I’m kinda out of the loop on this stuff, but it seems like suddenly out of nowhere everyone around me is converting natural gas heat into electric heat pumps—specifically a thing called a “mini-split” which can be both a heat pump in the winter and an air conditioner in the summer. It consists of one or more indoor units connected to one or more outdoor units by a small-ish (well, small compared to an air duct) tube of flowing liquid refrigerant (which transfers heat between the indoor and outdoor unit).
An electric heater converts 1W of electricity into 1W of heat. A heat pump converts 1W of electricity into >1W of heat, because it pulls heat from the outside air—it’s basically an air conditioner pointed backwards. The ratio of heat to electricity is called Coefficient of Performance (COP).
The COP for heat pumps gets worse (albeit still >1) as the outdoor temperature goes down, basically because the outdoor air is colder so it’s harder to extract heat from it.
I live in a pretty cold climate; I figure the weighted-average outdoor temperature (weighted by how much heating I'm using) is 30°F (~0°C). A quick search suggests maybe I can expect COP of 3-3.5. The highest figure I found anywhere for that outdoor temperature was 5. I could be wrong here. (Update: in this comment I used a different method based on the "HSPF" spec and concluded that I should definitely expect weighted-average-COP below 3.5 where I live, unless I messed up the calculation, which is entirely possible.)
Meanwhile I also need to account for my gas boiler not successfully transferring all the heat from "burning gas" to "warm interior" (as opposed to losing heat out the chimney or whatever). I think 80% is a reasonable guess for our not-particularly-well-tuned boiler. It should go up a bit, maybe towards 90%, when I get it tuned up or replaced at some point in the future, which I need to do anyway, it's super old and the plumber says it could catastrophically break any day.
I looked up my marginal electricity price and marginal gas price from my most recent utility bills, and did the unit conversions to a common unit of gigajoules (GJ). (I'm using marginal price because it's not feasible for me to rid of gas altogether, for other reasons.) It turns out that 1 GJ of electricity costs me almost 10× as much as 1 GJ of natural gas! (I fully expected the electricity to be more expensive but didn't know what ratio to expect.)

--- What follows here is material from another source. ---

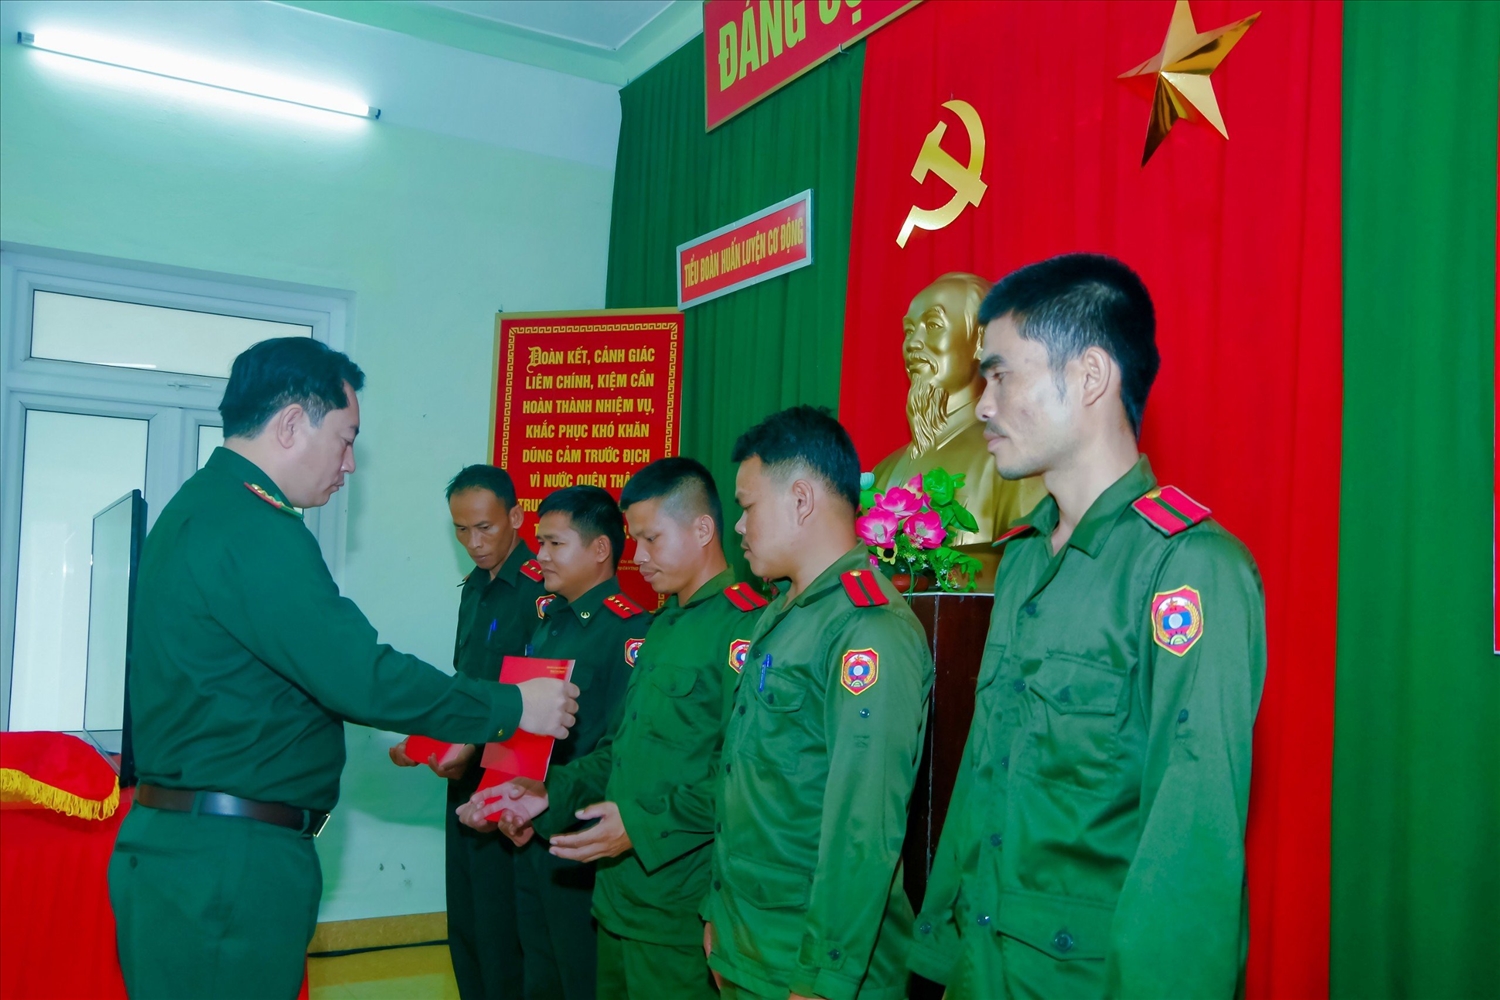 Thượng tá Hoàng Minh Hùng, Phó Chỉ huy trưởng - Tham mưu trưởng BĐBP tỉnh trao chứng chỉ hoàn thành khóa tập huấn cho các học viên.
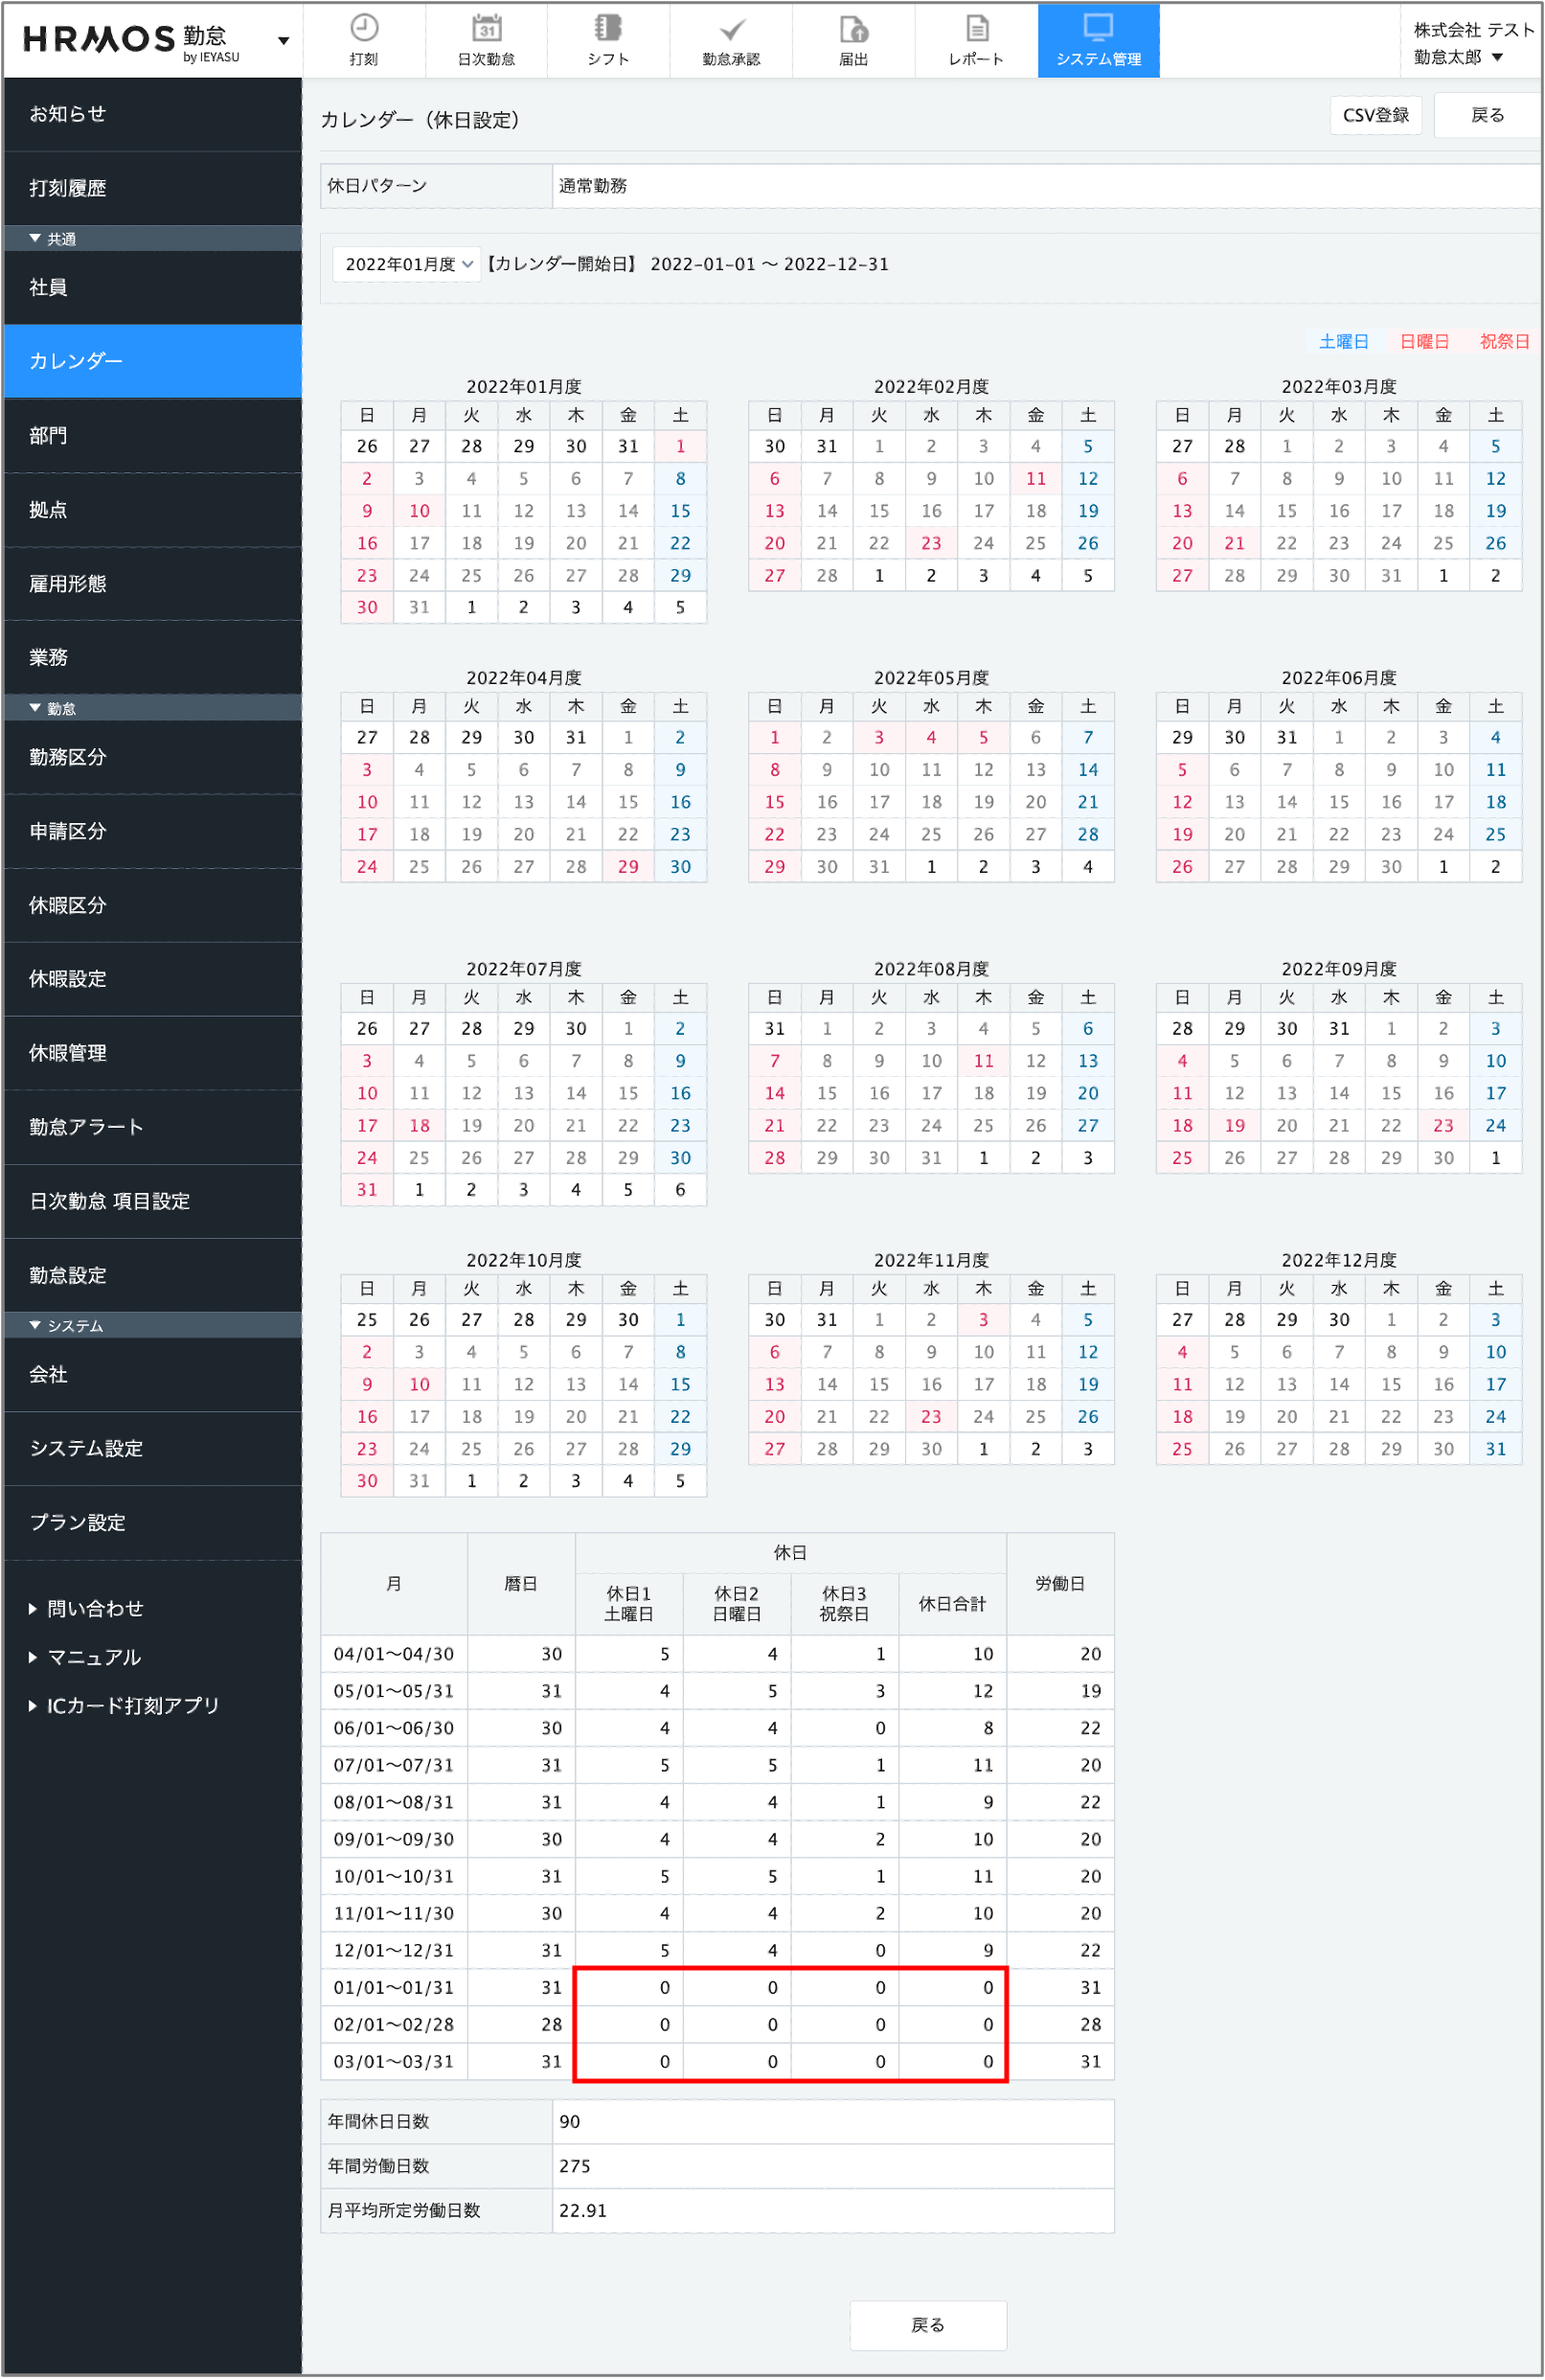 システム管理 カレンダー 設定する カレンダー表示 ページ下部の月別一覧にて 1月から3月までが全て0になっている Ieyasu Faq ベンチャー企業のための無料のクラウド勤怠管理システム

The COP>1 and boiler inefficiency help close that 10× gap, but they don't close it all the way, not even close. The existing natural gas boiler is still looking way cheaper to operate than an electric heat pump for me:
It's looking like a mini-split would amount to many hundreds of dollars per year of higher operating costs compared to my status-quo natural gas boiler.
Some additional considerations:
- Supposedly during summer the mini-split is a more efficient air conditioner than a normal (window) air conditioner. But I spend way more on heating than air conditioning (as assessed by the fact that my electricity bills are barely higher in the summer than the winter, whereas my gas bills have a blindingly obvious seasonality). So it doesn’t make a noticeable difference in the overall calculus.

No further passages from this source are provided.